The British territory of Bermuda has become the first jurisdiction to roll back same-sex marriage, less than one year after the unions were legalized by the socially conservative island’s supreme court.
Governor John Rankin signed the Domestic Partnership Act into law Wednesday reversing the rights of same-sex partners to wed. The legislation allows any couple to enter into a domestic partnership and gives same-sex couples similar rights to those enjoyed by opposite-sex couples. But such partnerships will not be legally recognized as “marriage.”
“The Act is intended to strike a fair balance between two irreconcilable groups in Bermuda, by restating that marriage must be between a male and a female while at the same time recognizing and protecting the rights of same-sex couples,” the governor’s office said in a statement posted to its website.
The act passed Bermuda’s House and Senate by wide margins in December. A 2016 referendum found nearly 69 percent of Bermudians oppose same-sex marriage.
The British government condemned the move but said it could not rightfully intervene to block the legislation. British Prime Minister Theresa May was “seriously disappointed” by the decision, a spokesperson told the Associated Press.

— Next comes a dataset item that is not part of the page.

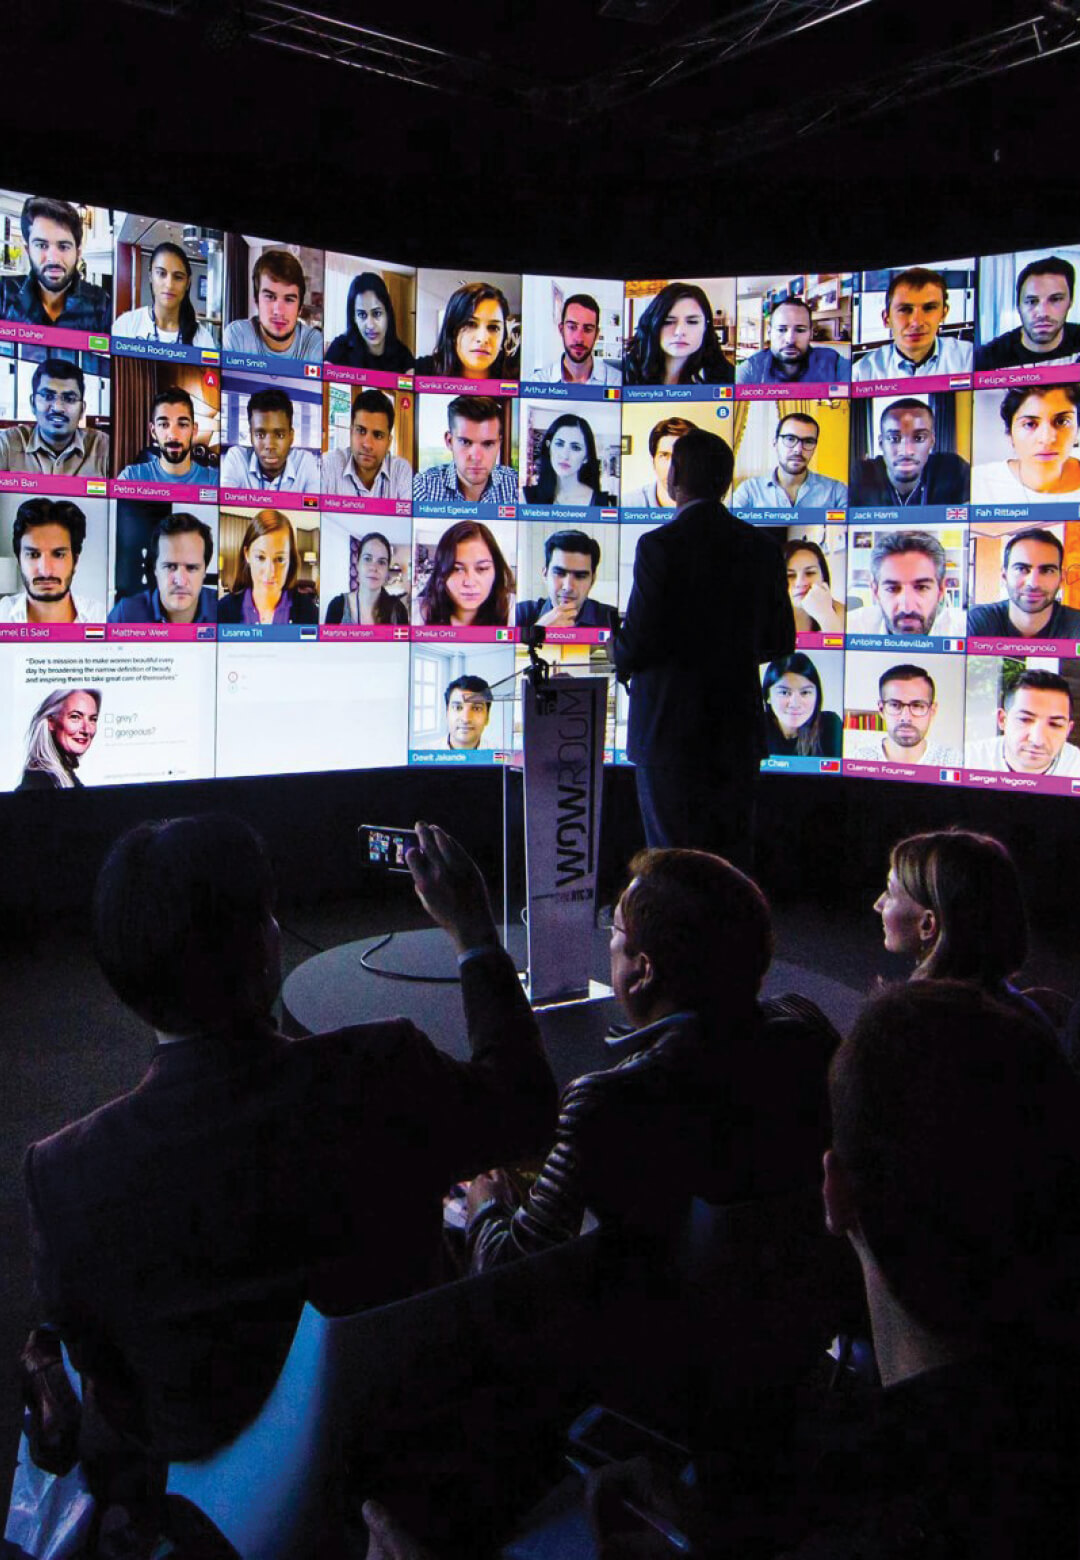 IE Business School's virtual classroom envisions a new model for education | Digital Legacies | Julius Wiedemann | STIRworld

About a half-dozen same-sex couples married in the months after the practice was legalized on the small island of approximately 65,000. Those unions will continue to be recognized under the law, the governor’s office said.
Gay-rights groups around the world blasted the move as a step in the wrong direction for equality.
Ty Cobb, director of Human Rights Campaign Global, said the legislation “strips loving same-sex couples of the right to marry and jeopardizes Bermuda’s international reputation and economy.”
“Despite this deplorable action, the fight for marriage equality in Bermuda will continue until the day when every Bermudian is afforded the right to marry the person they love,” Mr. Cobb said in a statement.